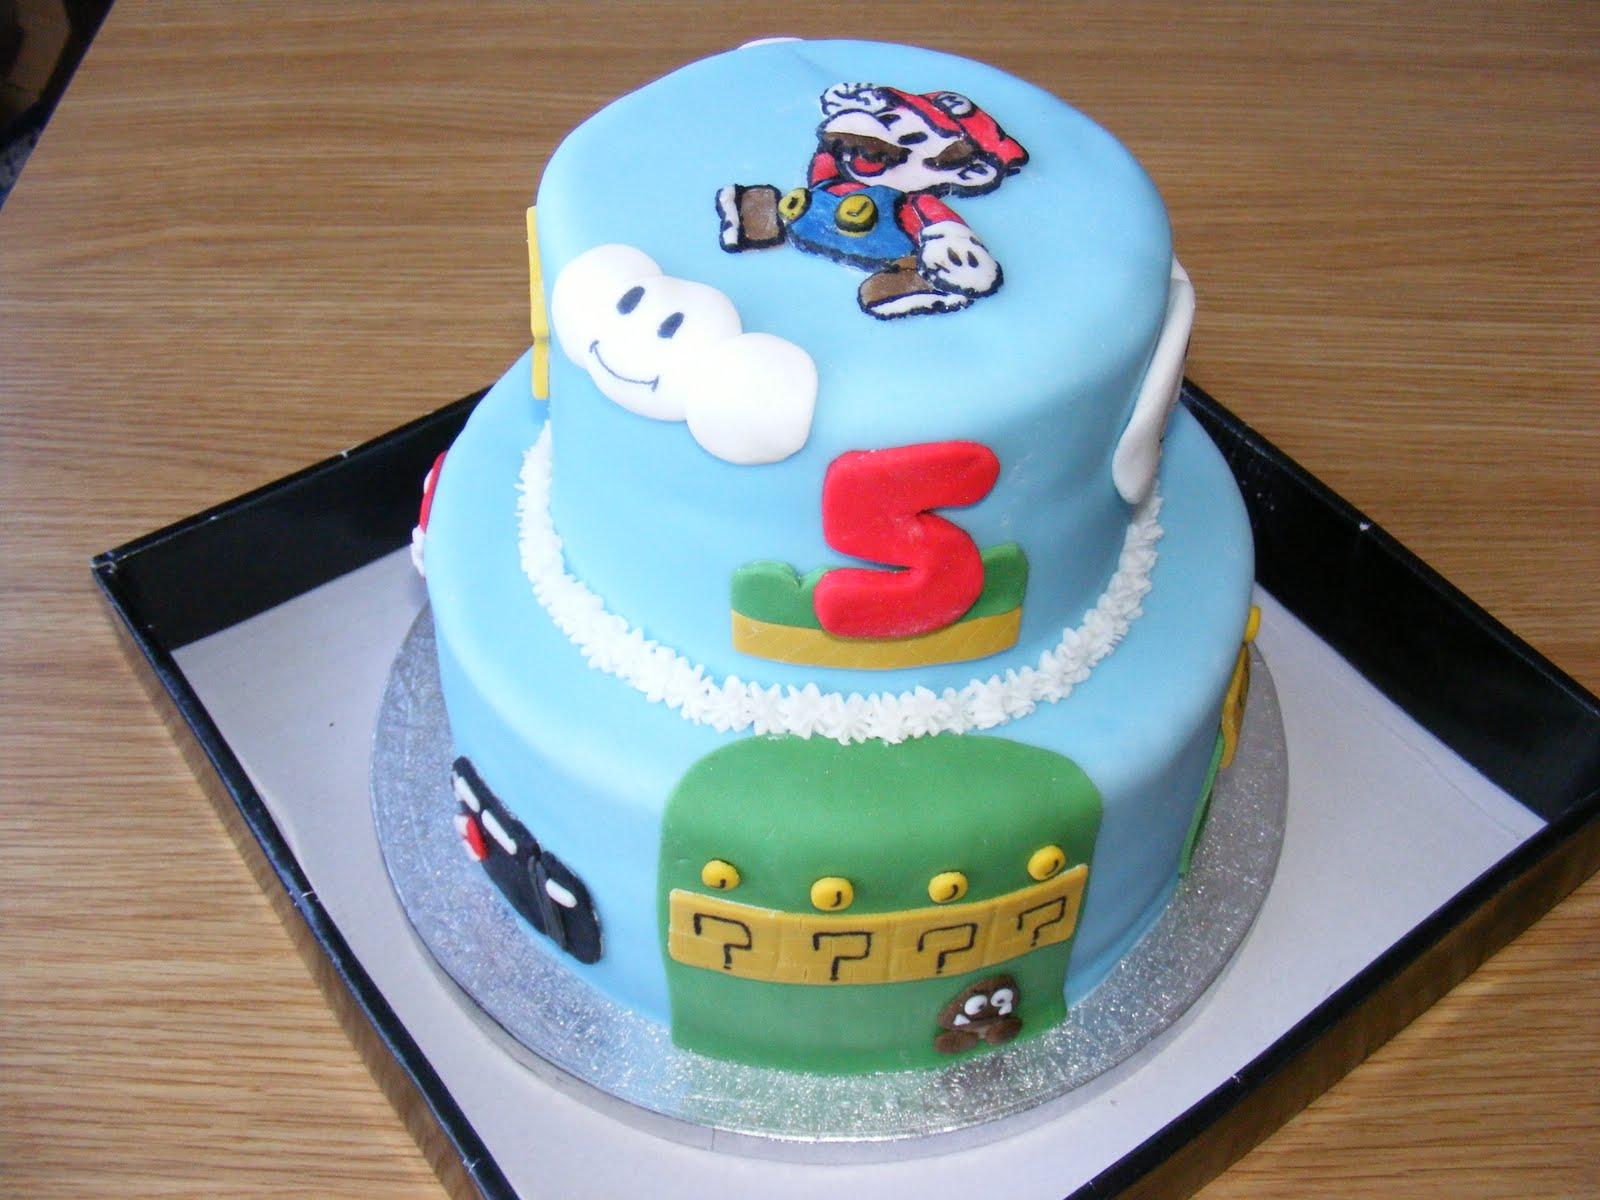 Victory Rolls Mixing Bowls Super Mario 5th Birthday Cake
* * *
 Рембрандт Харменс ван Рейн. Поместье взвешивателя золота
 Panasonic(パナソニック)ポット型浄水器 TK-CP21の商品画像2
--
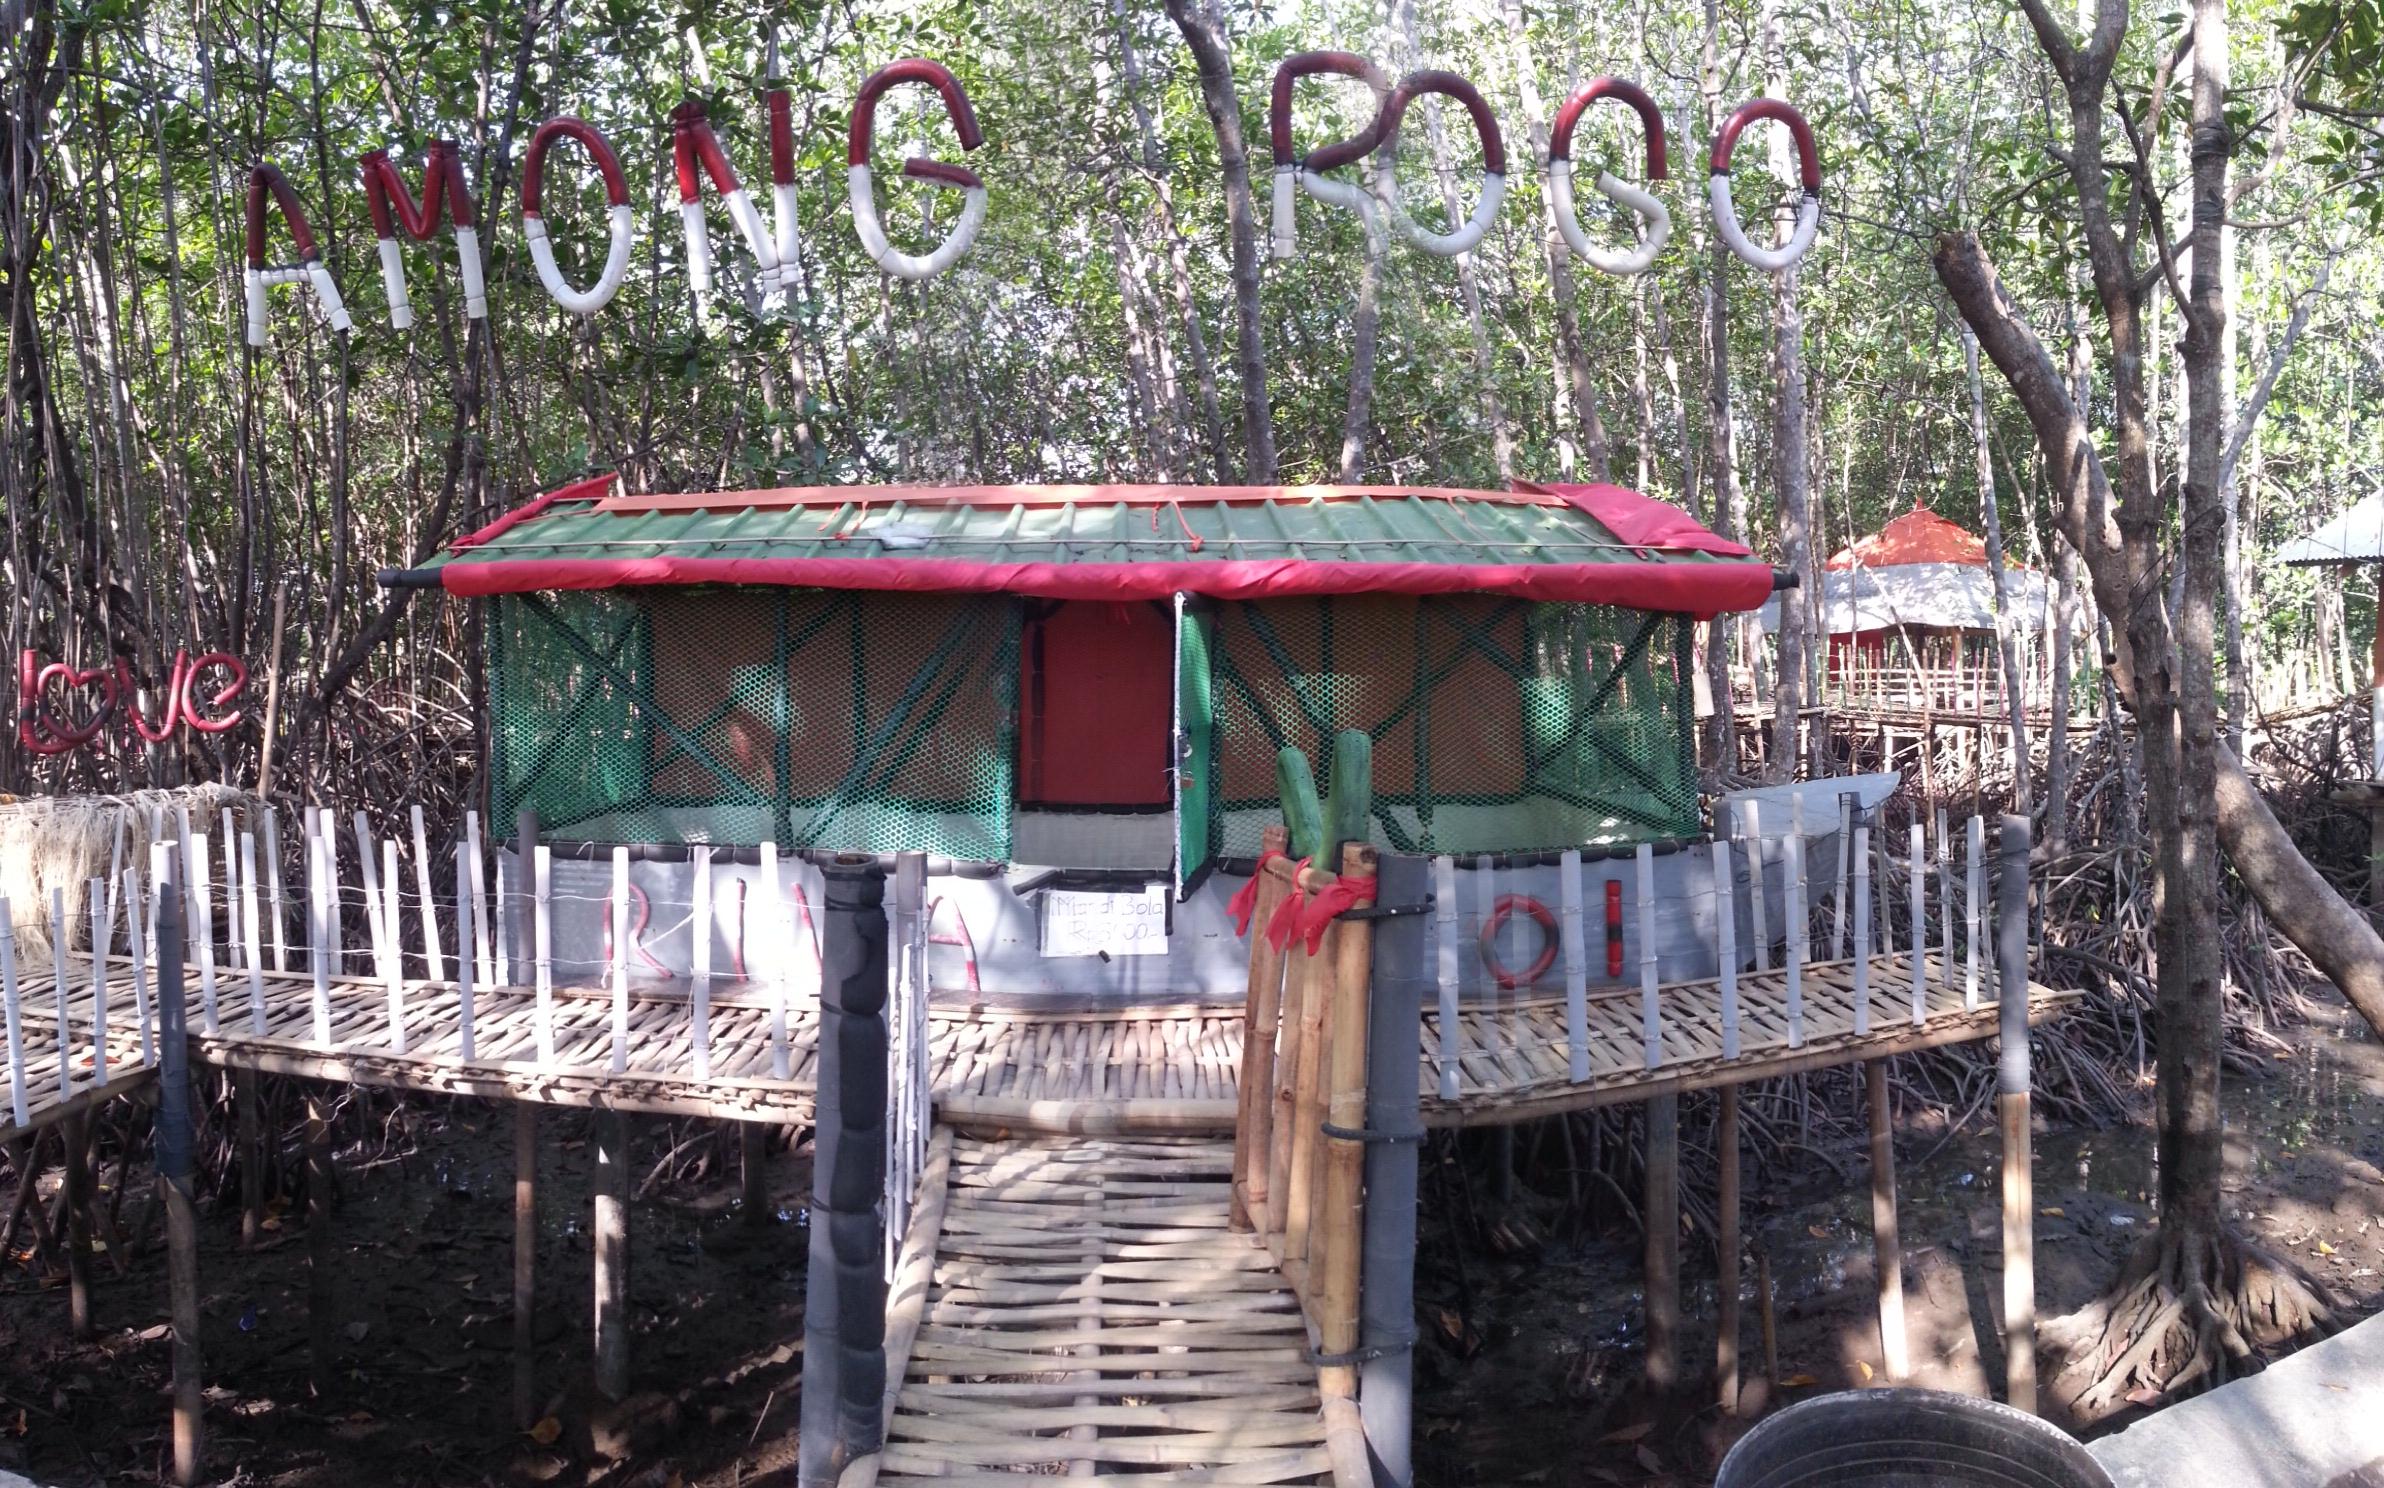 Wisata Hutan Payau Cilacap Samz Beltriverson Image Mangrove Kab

> [Activity]: Find where the line with "Рембрандт Харменс ван" sits in the material above, then copy exactly from it through the line with "Panasonic(パナソニック)ポット型浄水器 TK-CP21の商品画像2". Add no other line.

> [Solution for this task]:
 Рембрандт Харменс ван Рейн. Поместье взвешивателя золота
 Panasonic(パナソニック)ポット型浄水器 TK-CP21の商品画像2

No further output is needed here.